Examen de la zone d’intérêt

Entre les mains du réalisateur anglais, le roman de Martin Amis devient le récit très abstrait et géométrique d’une horreur indicible, seulement suggestible. L’examen de la zone d’intérêt par Federico Gironi.

Une famille passe une journée d’été au bord d’une rivière, immergée dans la verdure de la nature. Le retour à la maison, une maison minimale très soignée, entourée d’un magnifique jardin, conçu et cultivé avec un soin méticuleux, où plantes et fleurs et allées pavées se mêlent à une serre, une petite piscine pour les enfants, voire des ruches pour le miel. Cette maison, et ce jardin, qui couronnent les rêves du couple qui y habite, bordent le mur d’enceinte du camp d’extermination. Le plus célèbre, le plus tristement célèbre : Auschwitz. L’homme qui vit dans cette maison, Rudolf Höss, est le patron et le responsable.
De temps en temps, un prisonnier du camp apparaît en silence apportant de la nourriture pour le garde-manger, mais aussi des sacs de vêtements, que les femmes – Hedwig Höss en tête – sélectionnent et répartissent ensuite.
Une vie quotidienne banale et placide se déroule dans l’indifférence la plus totale ; le terrain et ce qui s’y passe ne sont qu’un fond : le son, avant tout, mais pas seulement. Horrible, toujours.

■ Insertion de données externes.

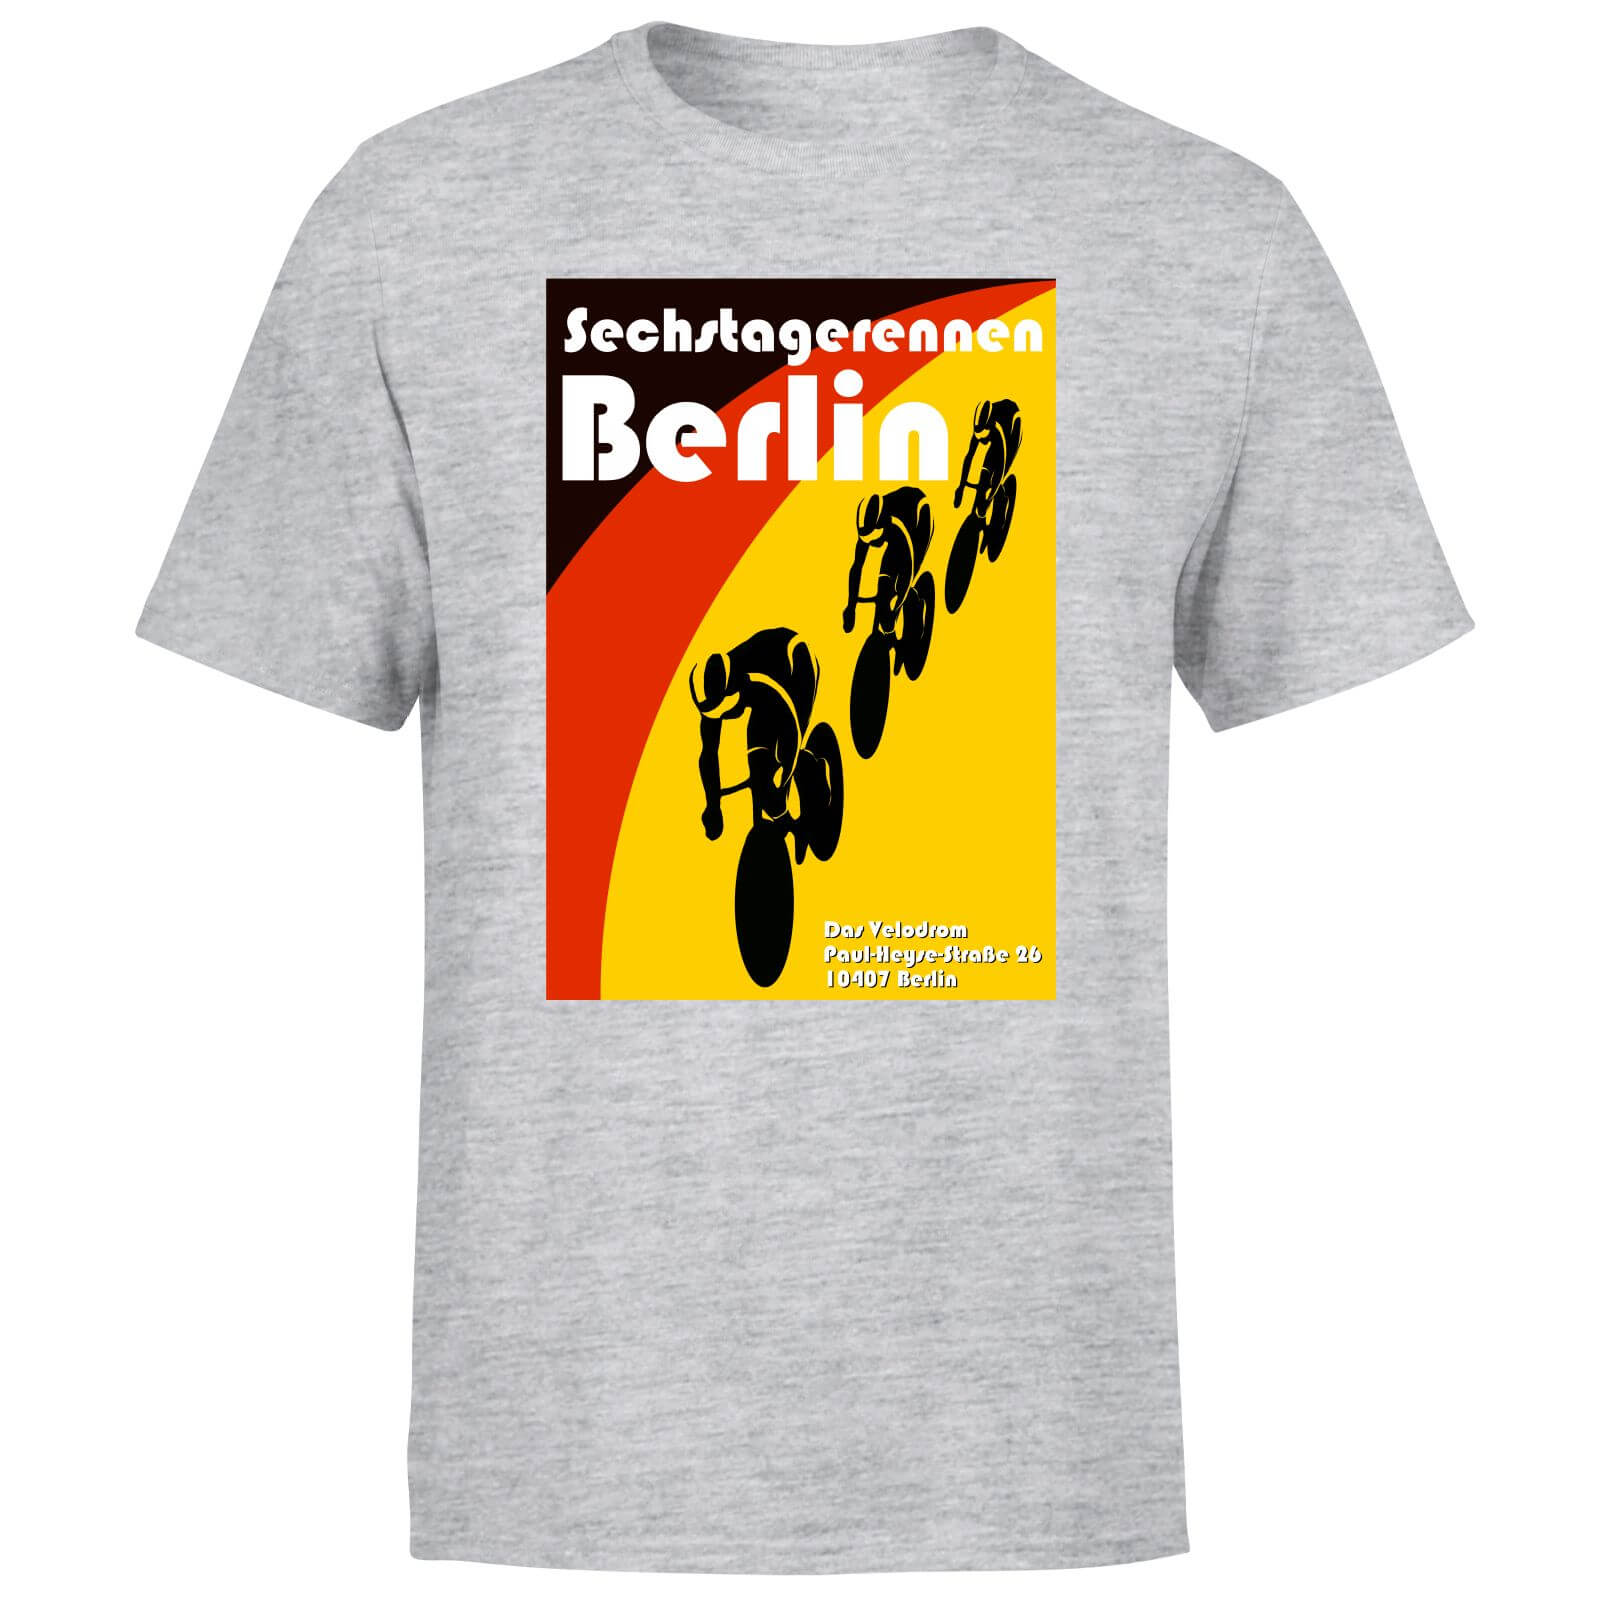 Six Days Berlin Men's T-Shirt - Grey - XL - Grey
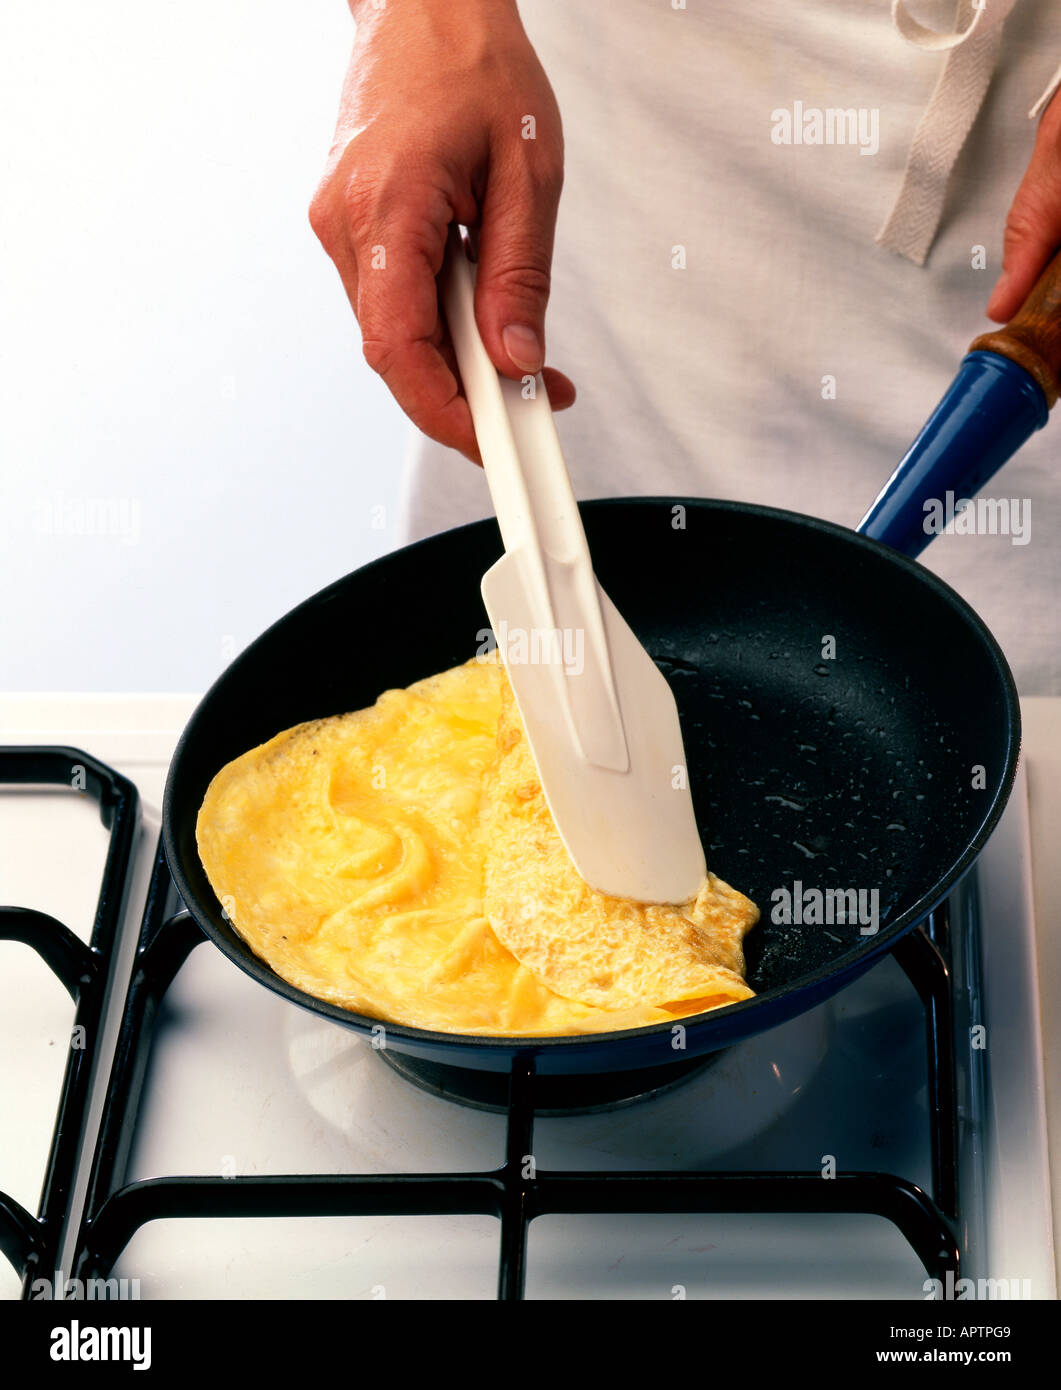 https://c8.alamy.com/comp/APTPG9/making-omelettes-folding-over-plain-omelette-using-a-large-spatula-APTPG9.jpg

Dans les mains de Jonathan Glazer le roman de Martin Amis qui porte le même titre que le film, le roman dont est parti l’Anglais, n’est qu’un point de départ.
Les pages et l’histoire sont séchées, désossées, retardées. Glazer s’intéresse à travailler sur le maximum de minimalisme et d’abstraction possible, pour raconter avec des images et des sons ce que les mots ne suffisent souvent pas à dire. Laisser seul expliquer.
Une opération esthétique, en premier lieu. Qui parfois pourrait même aller si loin de légitimer le doute, sinon l’accusation, de franchir la frontière qui conduit à l’esthétisation.
Le débat est ouvert.

Glazer n’est pas seulement abstrait et minimal. C’est géométrique. Strict. Implacable. Son film est composé d’axes cartésiens, de plans orthogonaux, d’espaces parfaitement délimités et photographiés de la manière la plus froide, la plus chirurgicale et aseptique possible.
C’est la logique perverse, impitoyable, hallucinante mais à sa manière très lucide du nazisme, de la Solution finale, que Glazer met à l’écran. Une logique mathématique qui n’a ni temps, ni espace, ni lieu, ni besoin d’aucune forme d’empathie humaine. De toute forme de chaleur.
La zone d’intérêt Il fait froid. Glacial, glacial et pointu.

Les images comptent, les mots sont un accompagnement toléré, presque. Mais parfois, ils coulent aussi la lame. Comme lorsque la mère d’Hedwig Höss commente distraitement la présence, derrière le mur du camp, d’une femme qu’ils ont connue. « Tu te souviens d’elle? Je nettoyais sa maison. » L’extermination comme révolte de classe absurde : justification impossible, populiste, horrible.
Ou comme lorsque Rudolf Höss, loin de chez lui, raconte à sa femme un groupe de hiérarques à Budapest : « Je n’ai pas remarqué qui était là. Je pensais juste comment j’allais tous les gazer. Logistiquement compliqué. »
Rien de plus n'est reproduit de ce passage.